Records from a collection:
==================================================

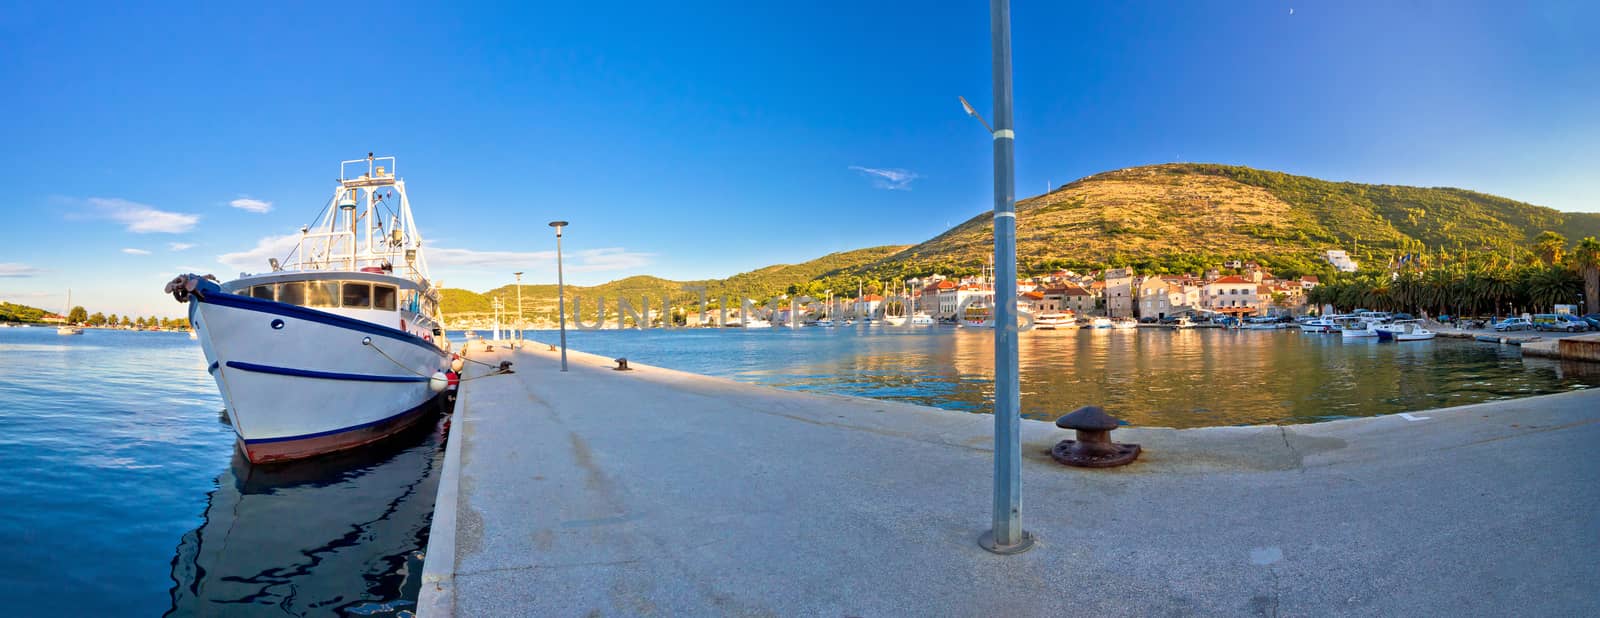 Town of Vis panoramic harbor view by xbrchx
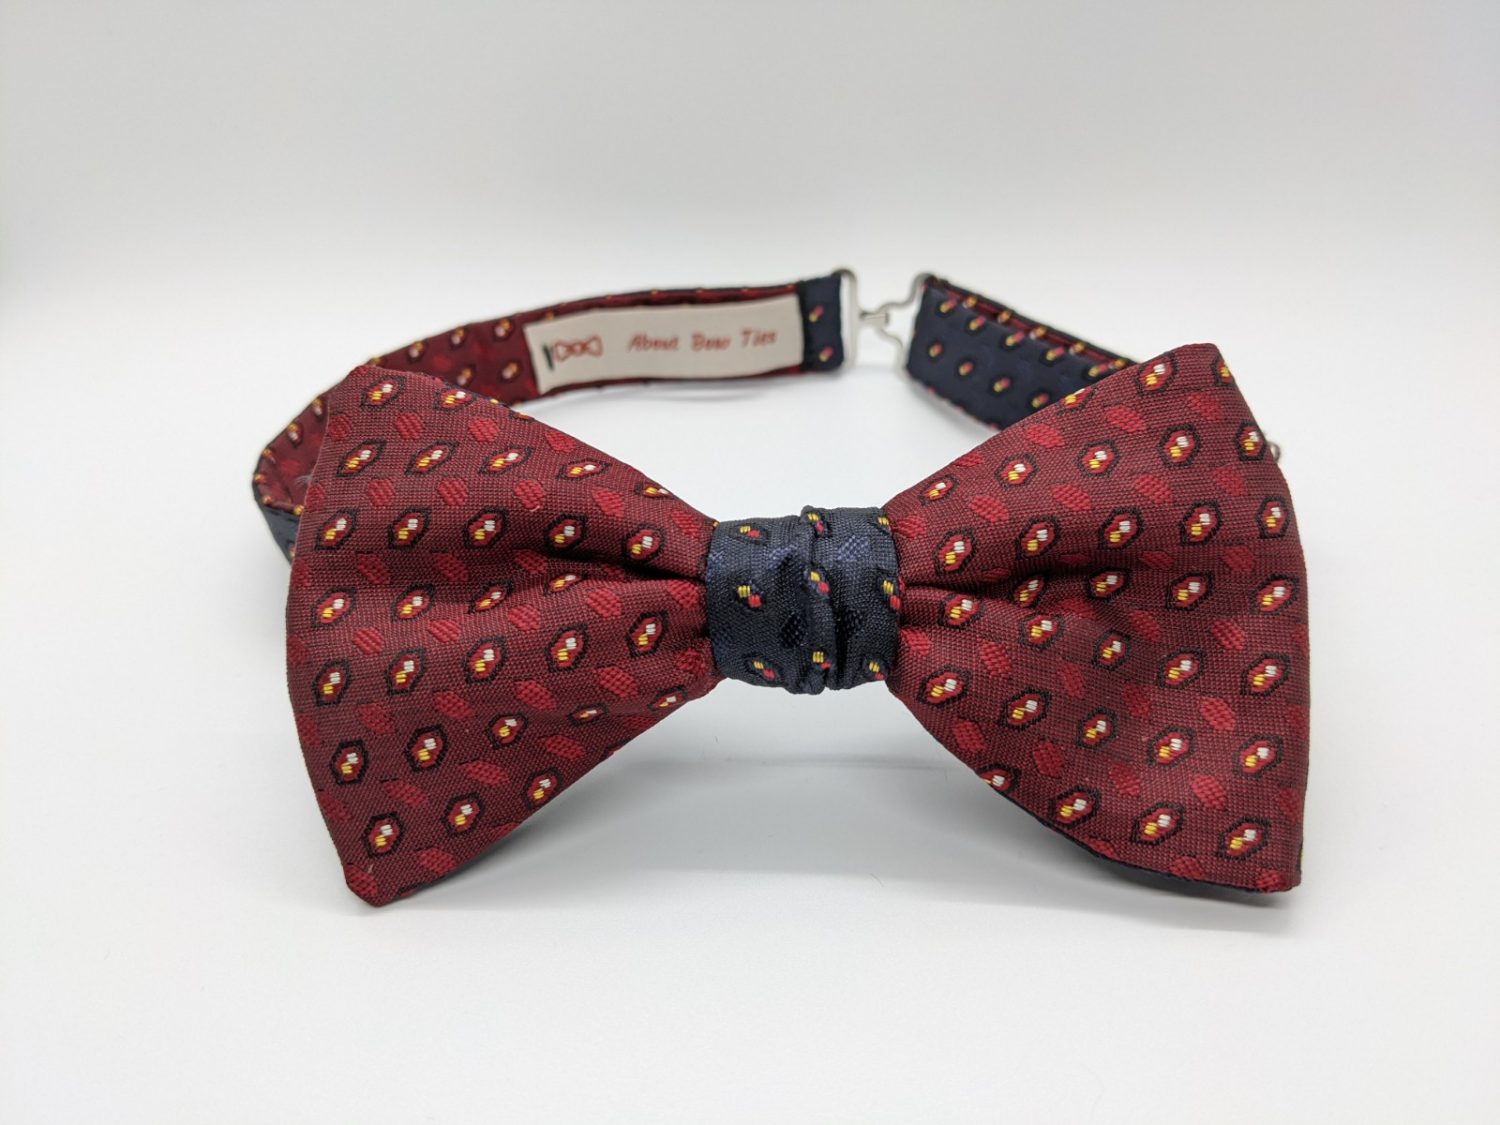 Maroon Reversible Bow Tie - About Bow Ties
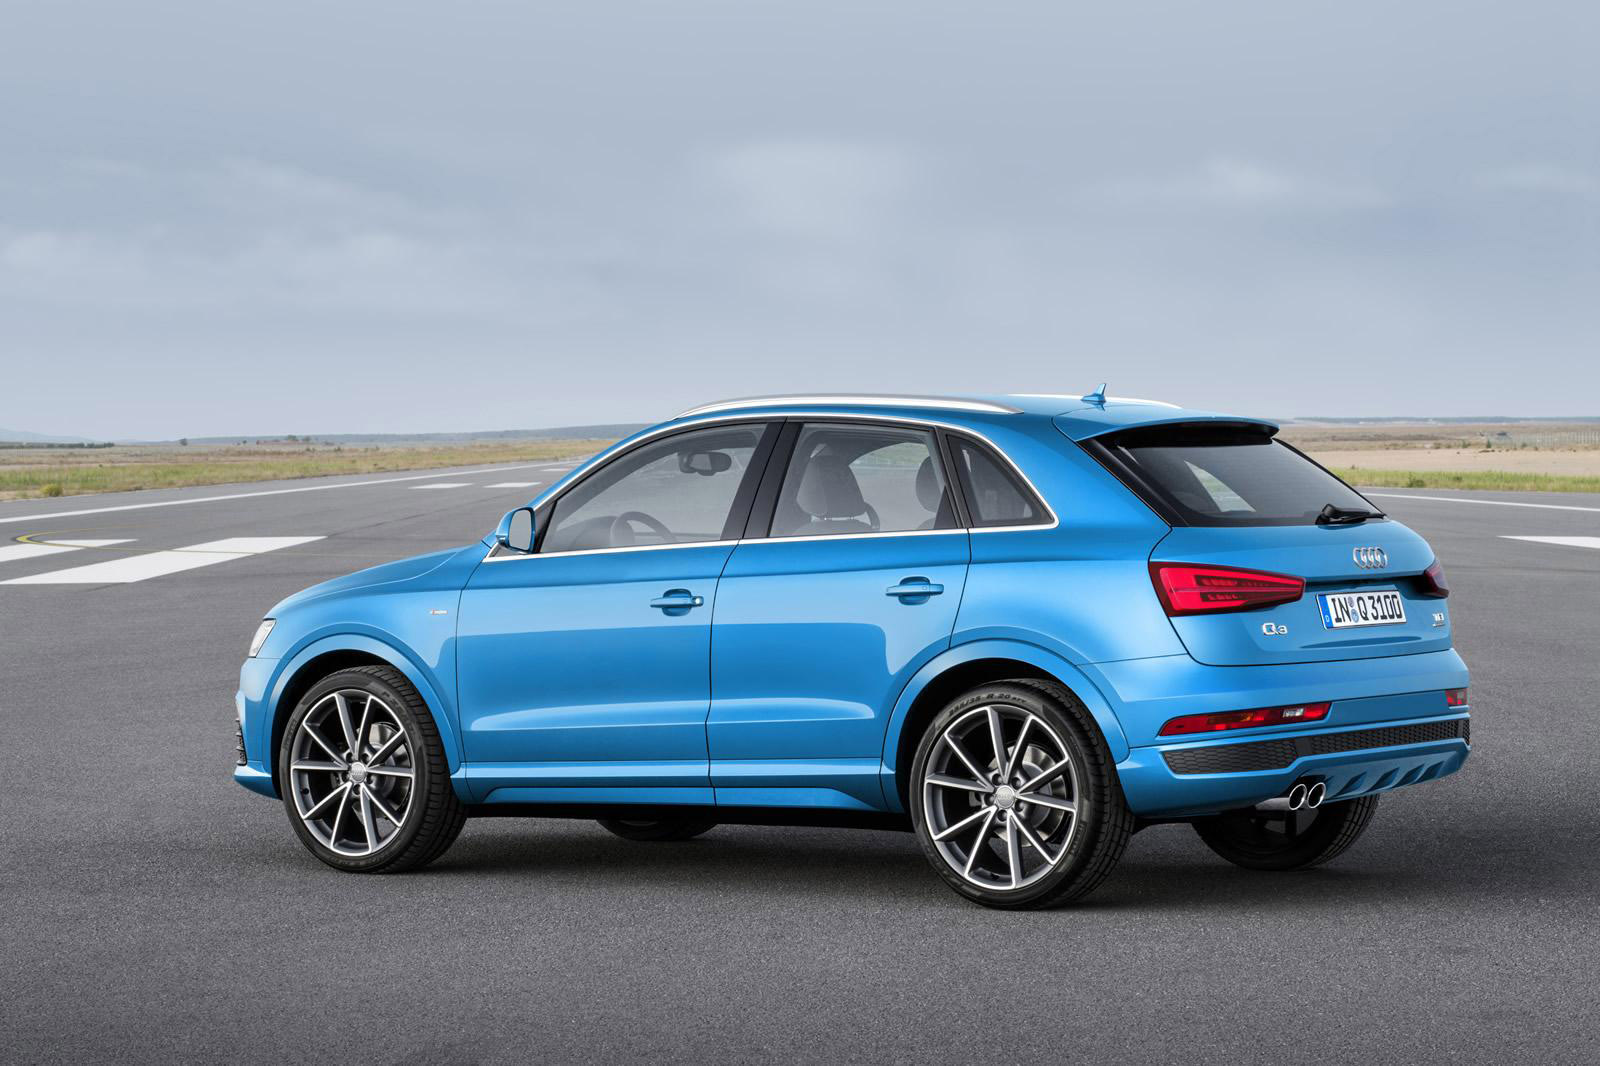 2016 Audi Q3 Compact Crossover on Sale in the United States
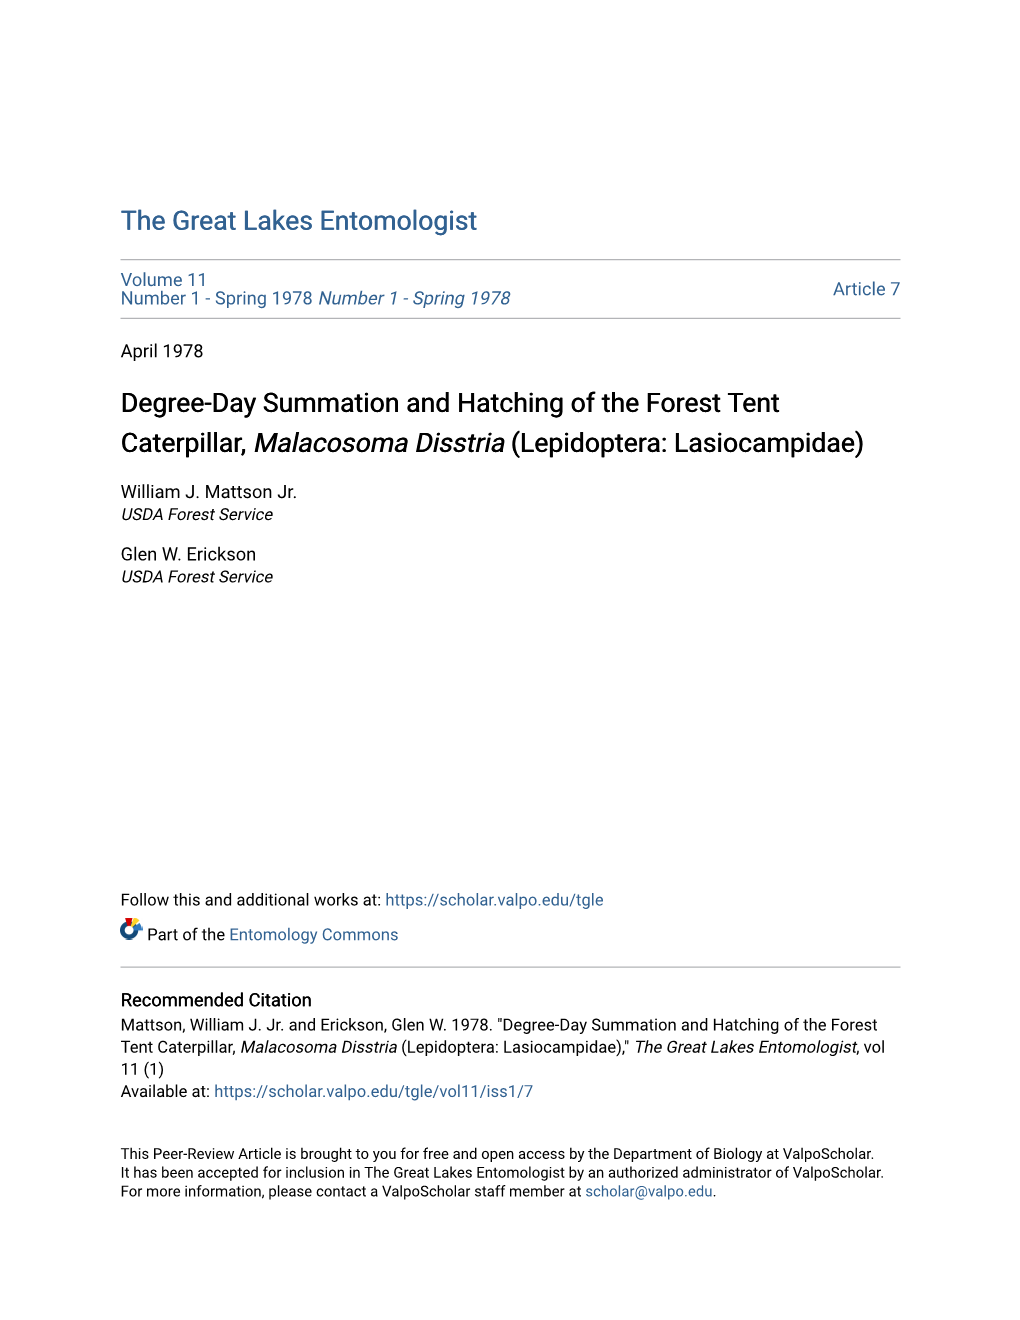 Degree-Day Summation and Hatching of the Forest Tent Caterpillar, Malacosoma Disstria (Lepidoptera: Lasiocampidae)
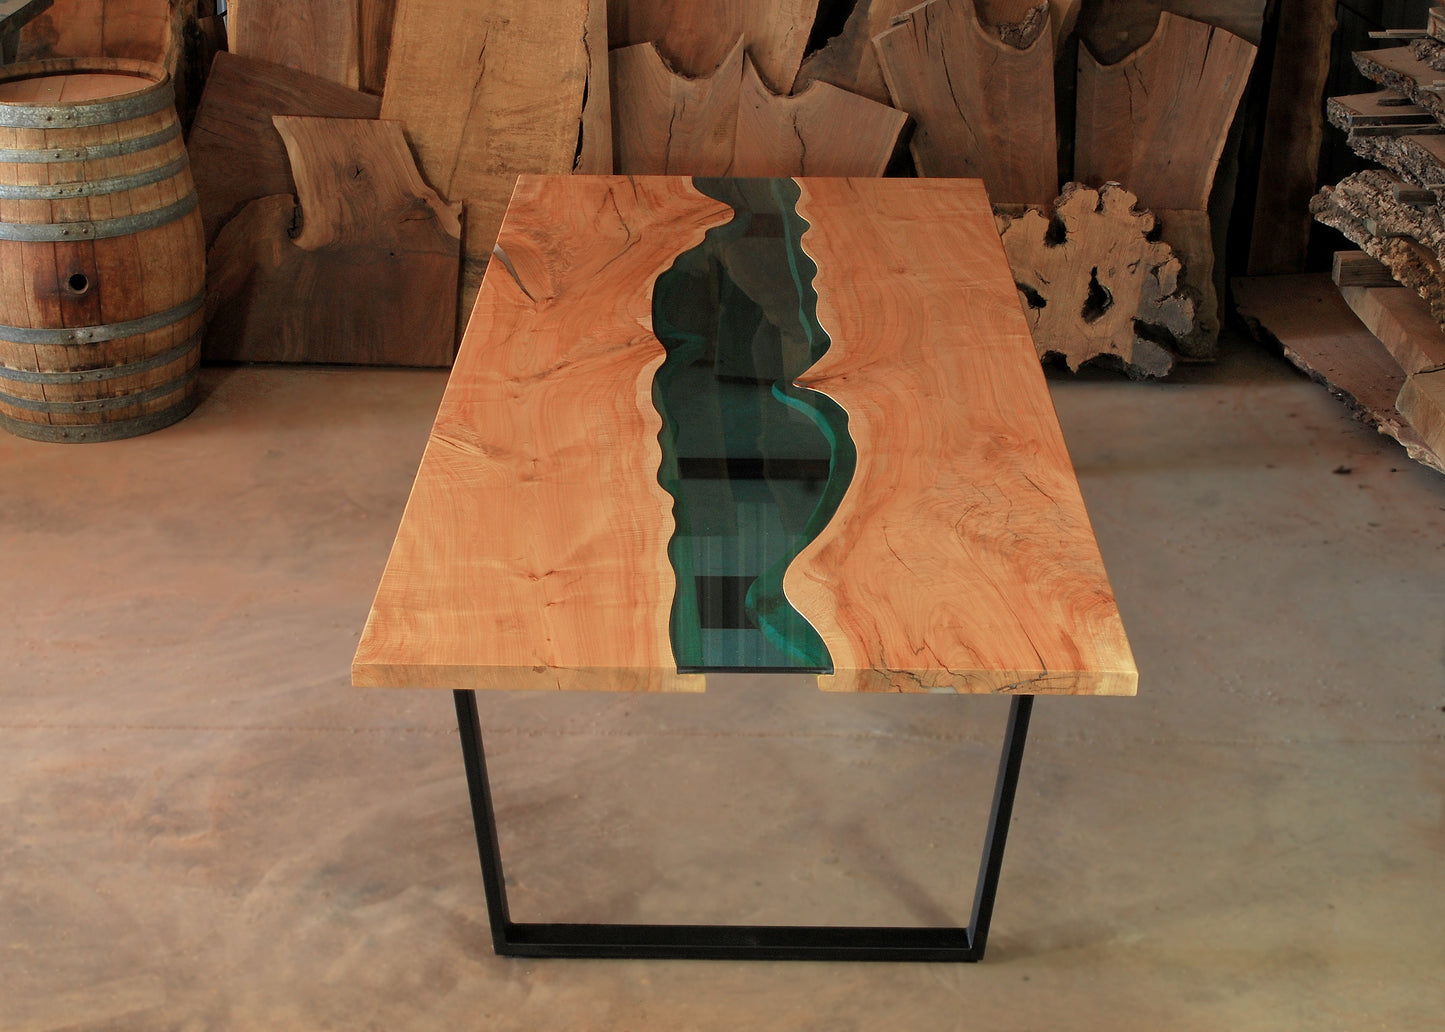 Maple glass river table

==================================================

Your objective
In the copy, no picture may appear; the records themselves must be output exactly.

Exercise result
 Town of Vis panoramic harbor view by xbrchx
 Maroon Reversible Bow Tie - About Bow Ties
 2016 Audi Q3 Compact Crossover on Sale in the United States
 Degree-Day Summation and Hatching of the Forest Tent Caterpillar, Malacosoma Disstria (Lepidoptera: Lasiocampidae)
 Maple glass river table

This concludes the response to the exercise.